基金Project supported by the National Natural Science Foundation of China(No.81771158)the Science Foundation of the Health Commission of Zhejiang Province(Nos.2016147373 and 2019321345),China
文摘The purpose of this study was to explore the differences in interhemispheric functional connectivity in patients with Alzheimer’s disease(AD) and amnestic mild cognitive impairment(aMCI) based on a triple network model consisting of the default mode network(DMN), salience network(SN), and executive control network(ECN).
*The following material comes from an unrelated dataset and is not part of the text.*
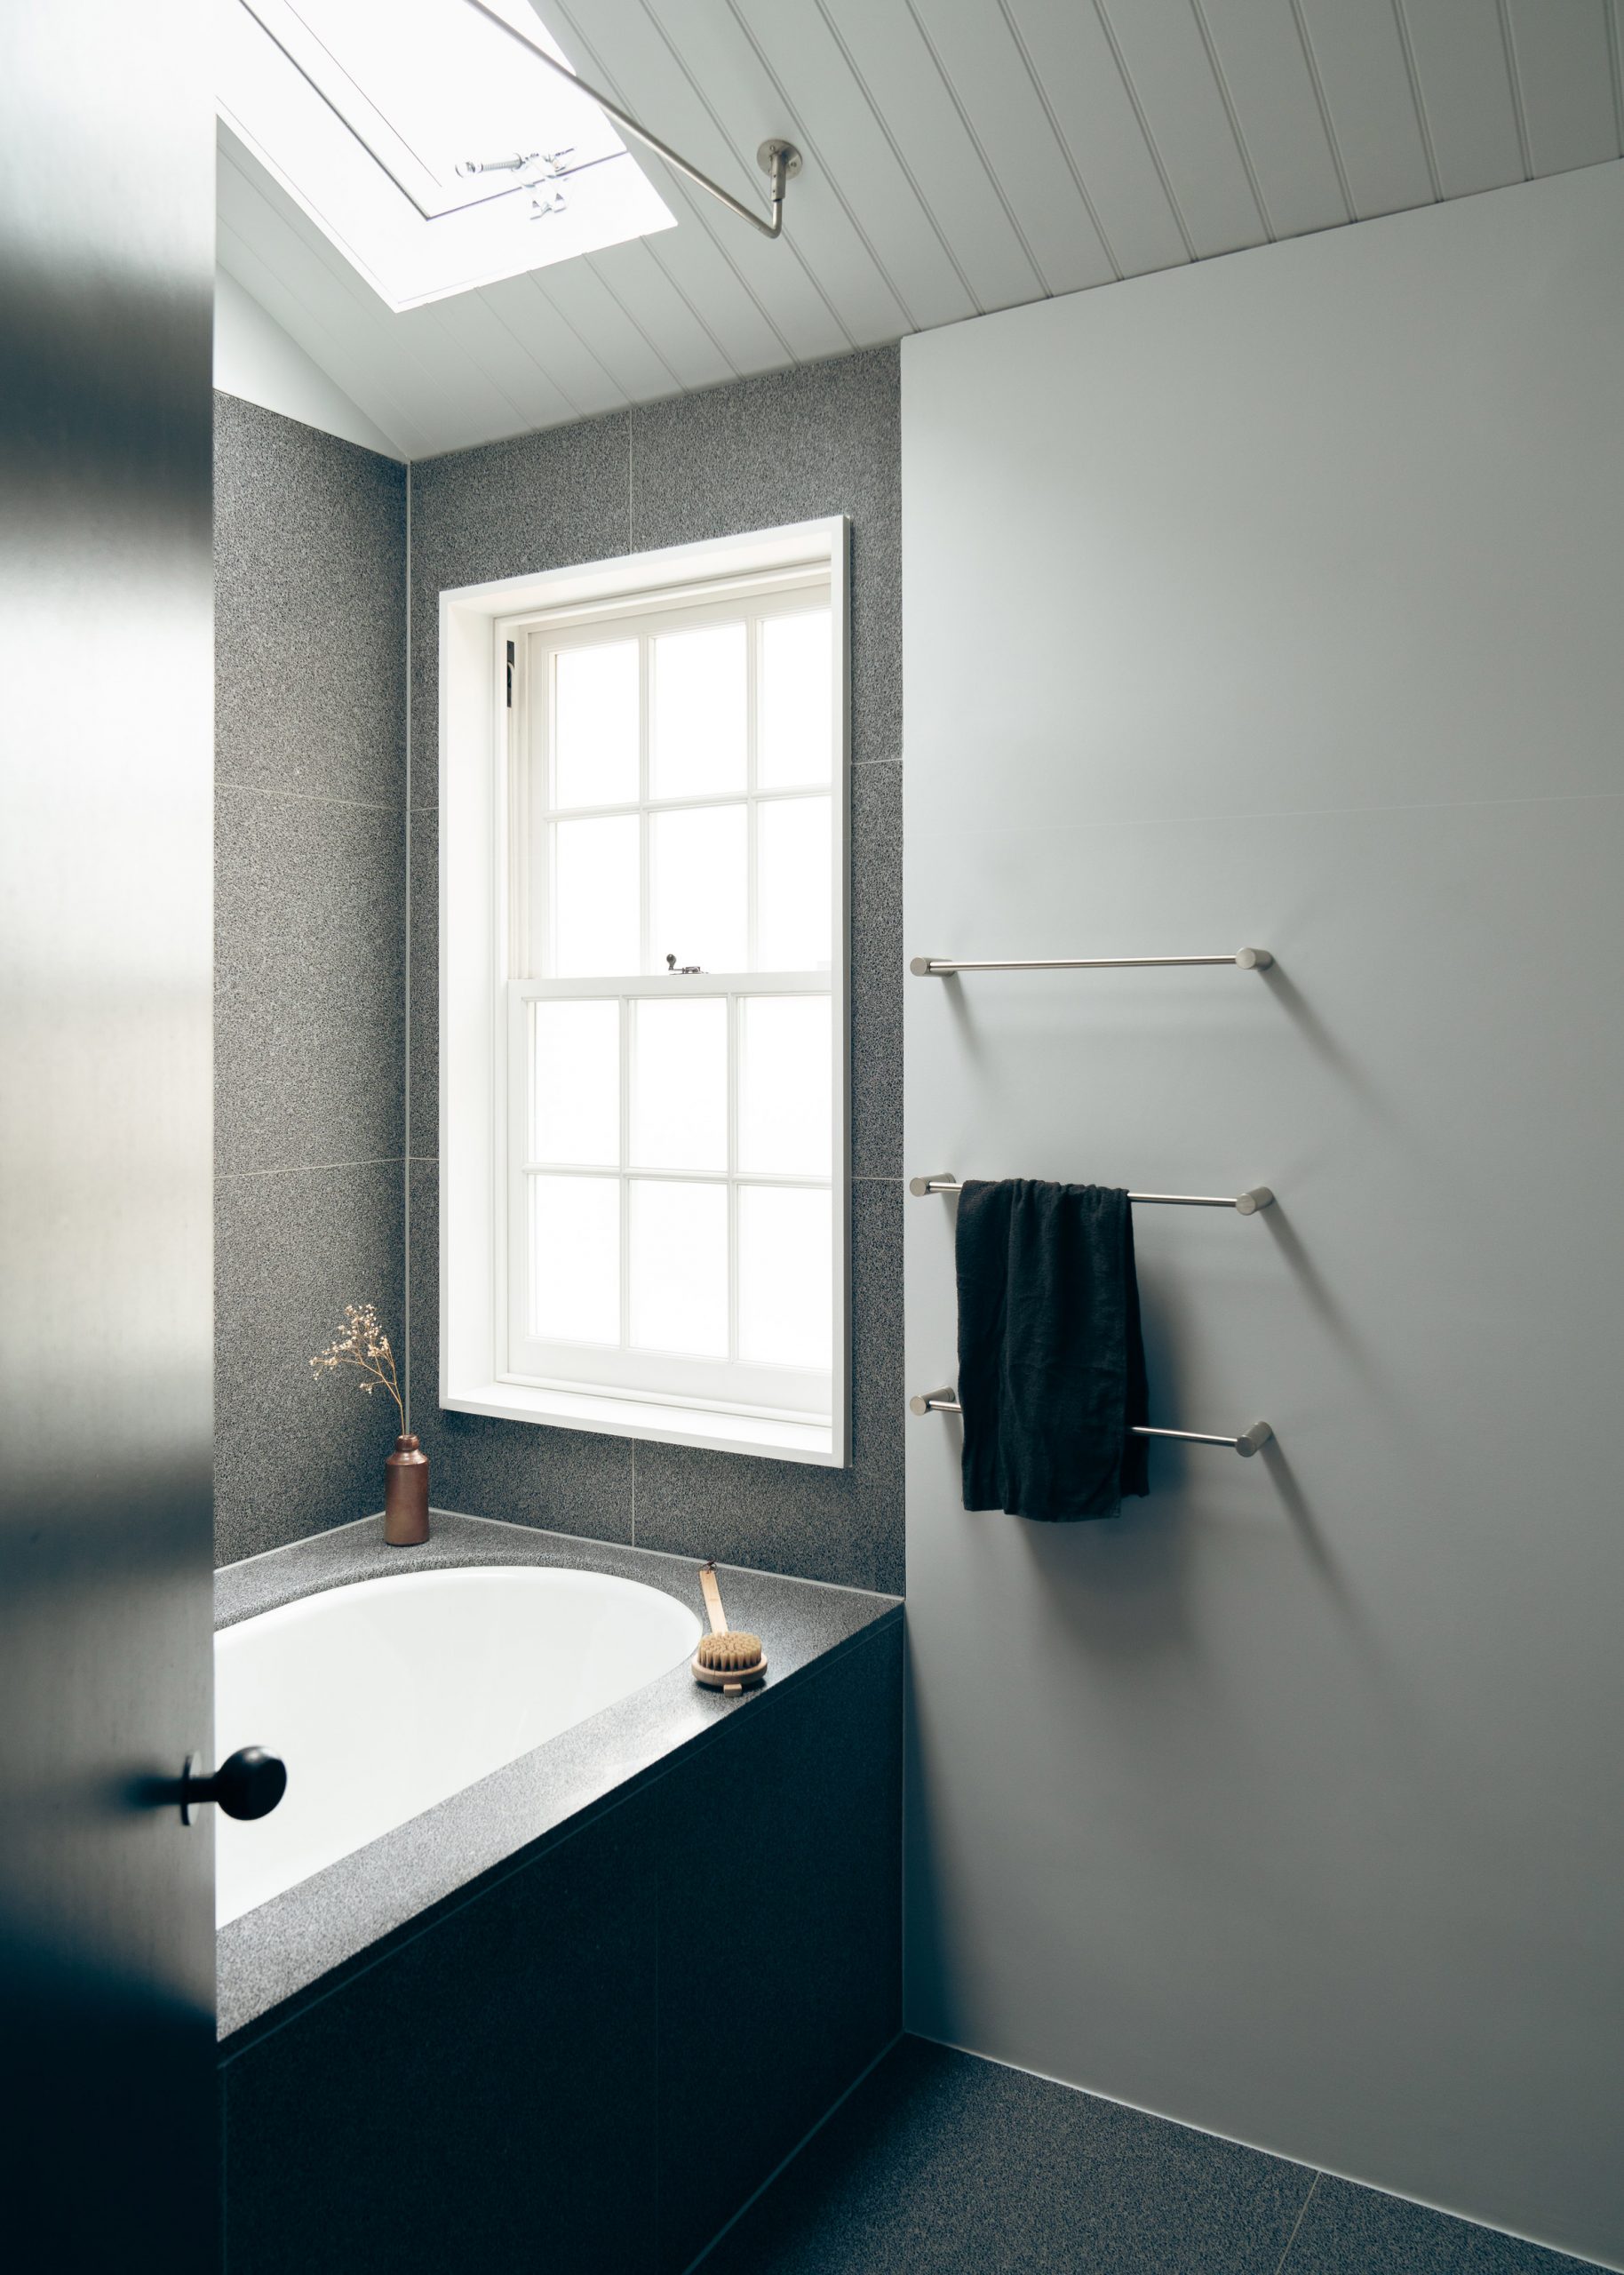 The bathroom in Concrete Plinth House employs a dark grey palette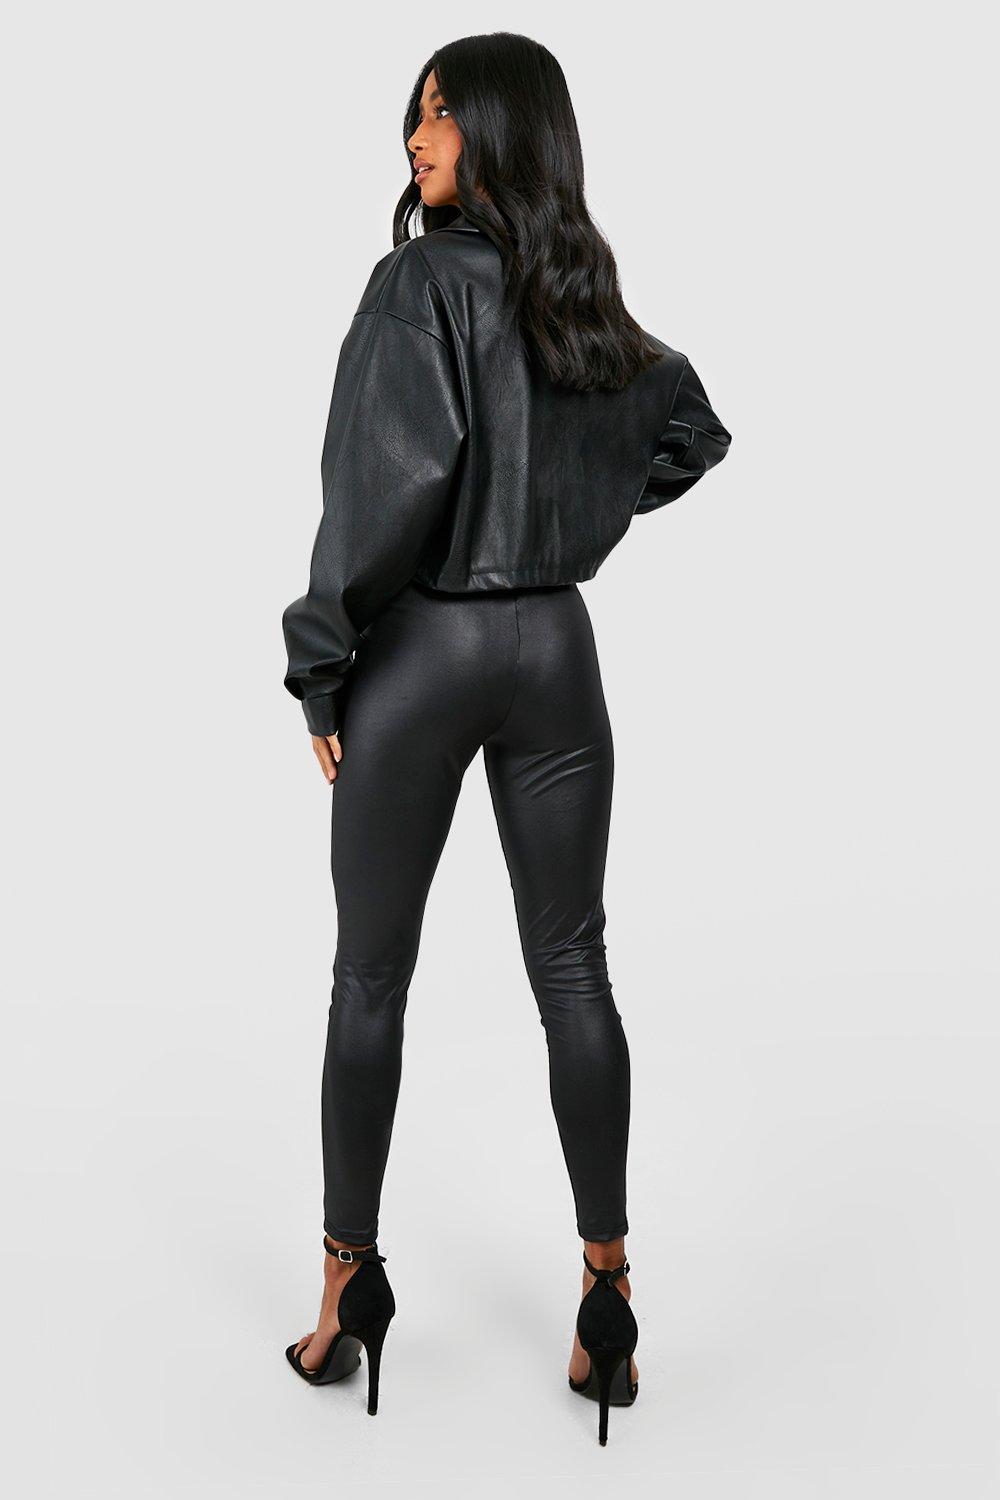 Fashion Women Black Shiny PVC Wet Look High Waist Skinny Leggings

The technique of voxel-mirrored homotopic connectivity(VMHC) analysis was applied to explore the aberrant connectivity of all patients. The results showed that:(1) the statistically significant connections of interhemispheric brain regions included DMN-related brain regions(i.e. precuneus, calcarine, fusiform, cuneus, lingual gyrus, temporal inferior gyrus, and hippocampus), SN-related brain regions(i.e. frontoinsular cortex), and ECN-related brain regions(i.e. frontal middle gyrus and frontal inferior);(2) the precuneus and frontal middle gyrus in the AD group exhibited lower VMHC values than those in the aMCI and healthy control(HC) groups, but no significant difference was observed between the a MCI and HC groups; and(3) significant correlations were found between peak VMHC results from the precuneus and Mini Mental State Examination(MMSE) and Montreal Cognitive Scale(MOCA) scores and their factor scores in the AD, a MCI, and AD plus aMCI groups, and between the results from the frontal middle gyrus and MOCA factor scores in the a MCI group. These findings indicated that impaired interhemispheric functional connectivity was observed in AD and could be a sensitive neuroimaging biomarker for AD. More specifically, the DMN was inhibited, while the SN and ECN were excited. VMHC results were correlated with MMSE and MOCA scores, highlighting that VMHC could be a sensitive neuroimaging biomarker for AD and the progression from aMCI to AD.